The regular expression for the complement of the language $L=\{a^nb^m \mid n \geq 4, m \leq 3\}$ is:

  1. $(\lambda +a+aa+aaa)b^*+a^*bbbb^*+(a+b)^*ba(a+b)^*$
  2. $(\lambda +a+aa+aaa)b^*+a^*bbbbb^*+(a+b)^*ab(a+b)^*$
  3. $(\lambda +a+aa+aaa)+a^*bbbbb^*+(a+b)^*ab(a+b)^*$
  4. $(\lambda +a+aa+aaa)b^*+a^*bbbbb^*+(a+b)^*ba(a+b)^*$

3 Answers

Best answer
7 votes
7 votes

(1) using the term a*bbbb* it can accept a4b3 hence it is not complement

(2) Using (a+b)* ab (a+b)*  it can accept a4b3 hence it is not complement

(3) Using (a+b)* ab (a+b)*  it can accept a4b3 hence it is not complement

(4) (a+b)* ba (a+b)* cannot produce strings in a n b m  format and other two terms cannot produce any string a n b m such that n>=4 and m<=3. 

Hence I think 4 is the answer

Correct me if I am wrong

selected by
6 votes
6 votes
(D) is correct

as option (B) and (C) are eliminated easily because complement surely will contain term (a + b)*ba(a + b)*

[ From B and C, we can get $a^5b$ from (a+b)*ab(a+b)* part, that should not belong to complement of L]

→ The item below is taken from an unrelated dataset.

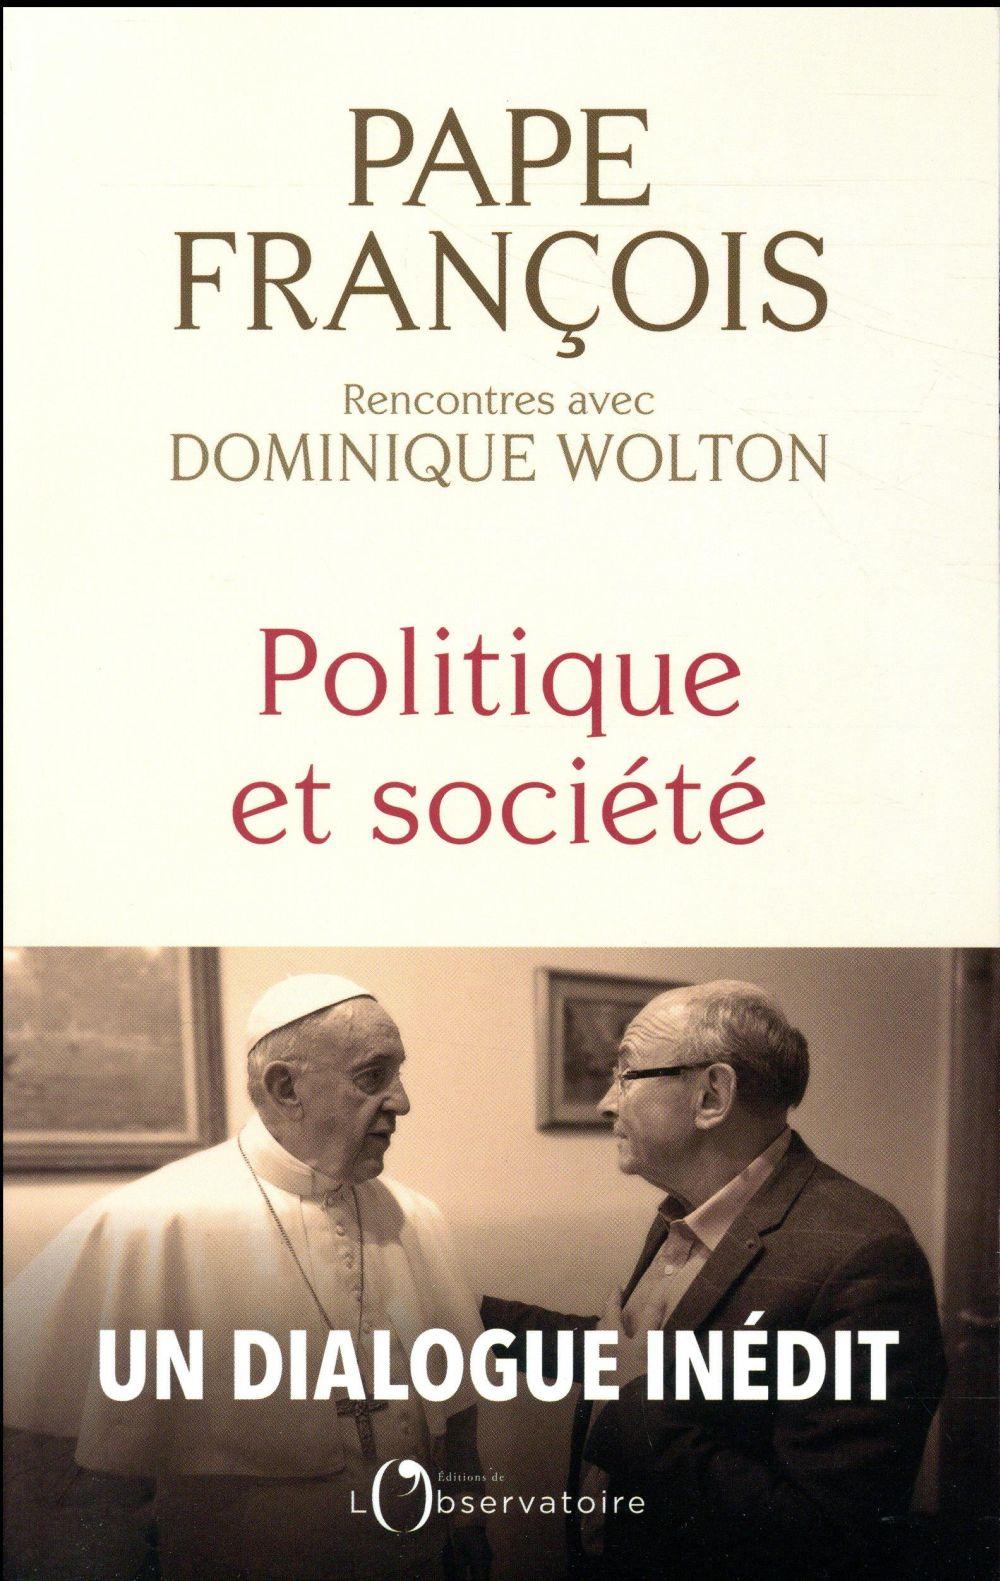 POLITIQUE ET SOCIETE Wolton Dominique Editions de l'Observatoire

so now to chose between A and D option will eliminate like this :
a*bbbbb*  -----> it contain atleast 4 b's so this is correct as compared to (A) option

[From A, we can get $a^5b^3$ from a*bbbb* part, that should not belong to complement of L]
0 votes
0 votes

Language L contain string aaaabbb. then complement of L never contain string aaaabbb.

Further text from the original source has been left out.